JOSEPH CARD. RATZINGER,
Prefetto
TARCISIO BERTONE,
Arciv. emerito di Vercelli, Segretario
1) Lo scritto è stato pubblicato sulla rivista Logos 29, 1-2 marzo/luglio 1990 (Colombo, Sri Lanka).
2) Lo stesso concetto è ripreso nella Risposta del 14 marzo 1995, pp. 8-9.
3) Cfr Concilium Tridentinum, Decretum de peccato originali, DS 1511-1512; Paulus VI, Sollemnis professio fidei, AAS 60 (1968), 434-445.
4) Cfr Risposta, p. 11: “Are not the definitions of dogma made by Councils also particular expressions concerning an ineffable, inexpressible, ultimate divine, and that according to the needs of those who do so, their particular philosophical terms and according to the culture of a given time? To absolutize them could result in a narrowness which the Vatican Council II wanted to avoid”.

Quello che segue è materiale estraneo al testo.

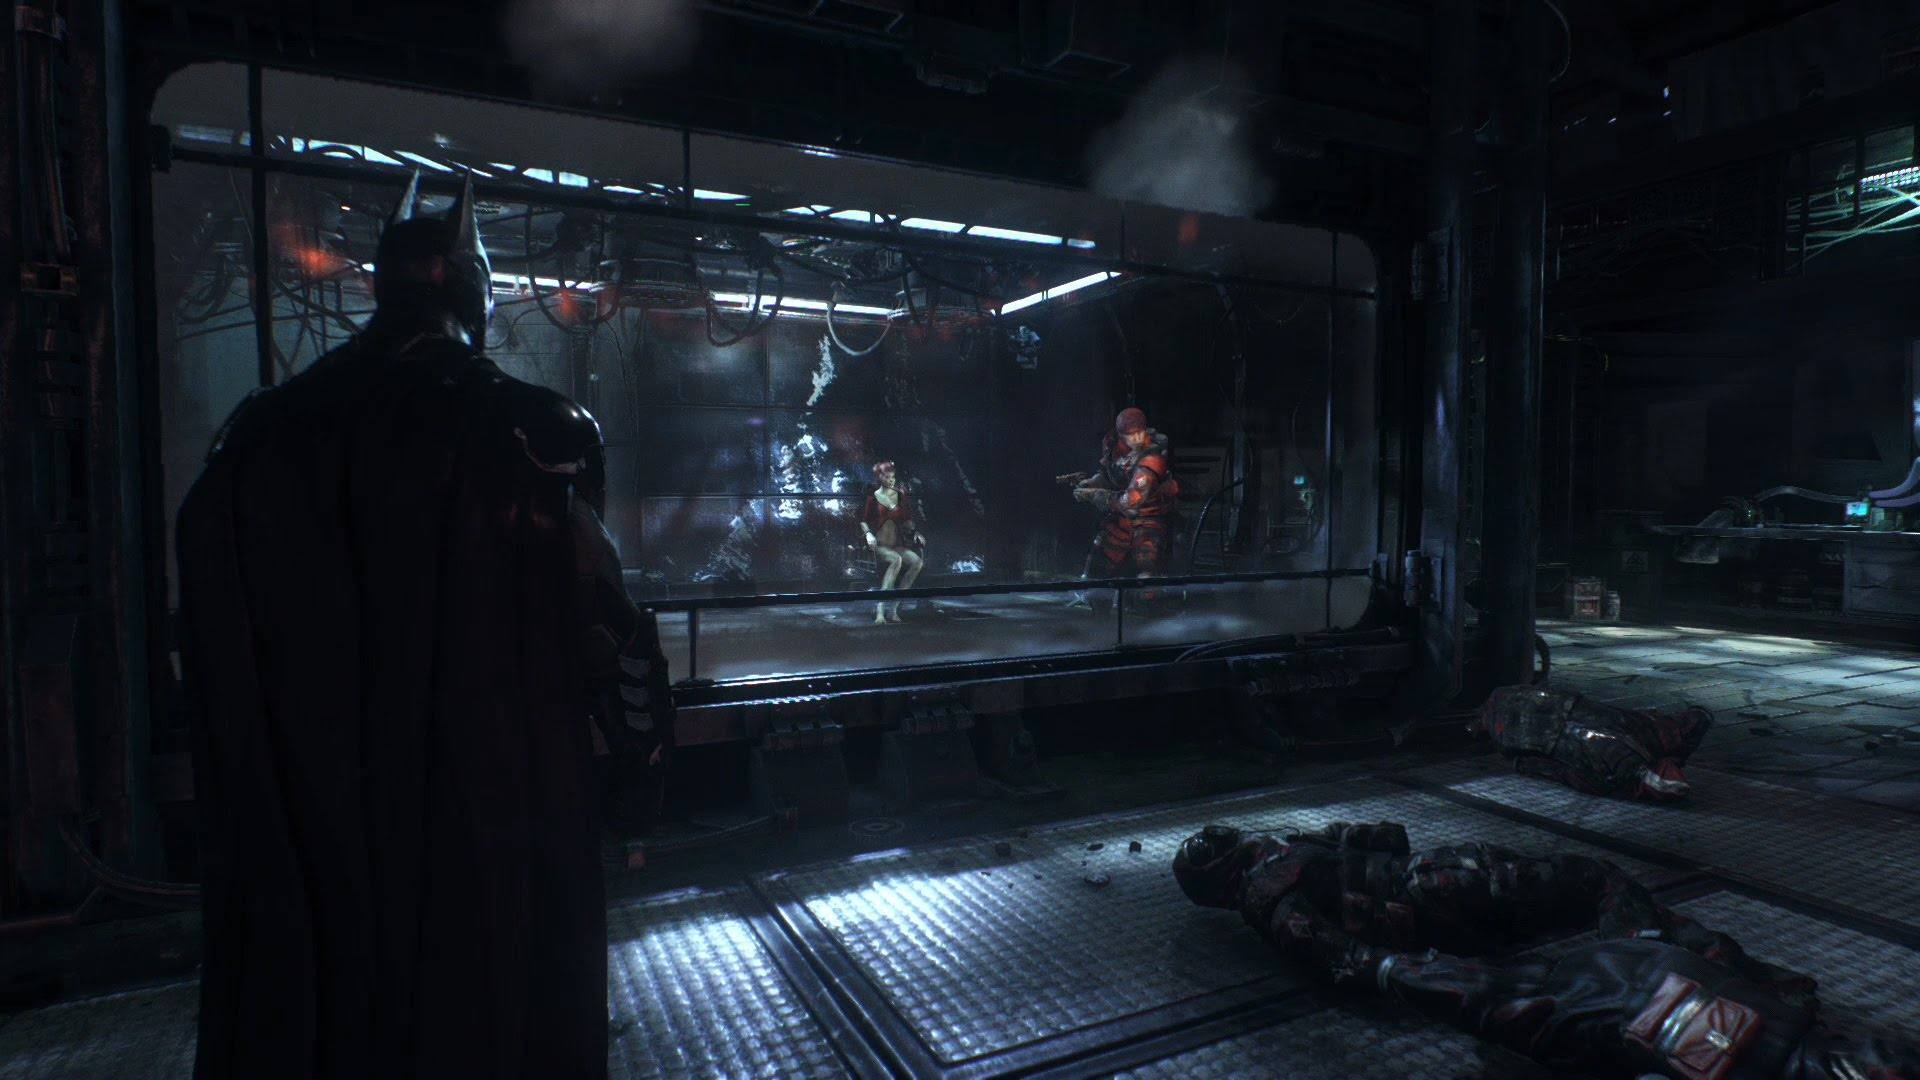 Video: 7 dakikada Batman: Arkham Knight oyun keyfi

5) Cfr S. Congregatio pro Doctrina Fidei, Mysterium Ecclesiae, n. 5: AAS 65 (1973), 403-404.
6) Cfr Concilium Vaticanum II, Const. dogm. Lumen Gentium n. 14; Symbolum Apostolicum, DS 10; Symbolum Toletanum DS 189; Concilium Constantinopolitanum II, DS 422; Concilium Lateranense IV, DS 801; Concilium Ephesinum, DS 252; Pius IX, Ineffabilis Deus, DS 2803; Pius XII, Munificentissimus Deus, DS 3903.
7) Cfr Concilium Vaticanum II, Const. dogm. Dei Verbum, nn. 8-9.
8) Cfr Concilium Vaticanum I, Const. dogm. Pastor Aeternus, DS 3074; Concilium Vaticanum II, Const. dogm. Lumen Gentium nn. 18.22.25.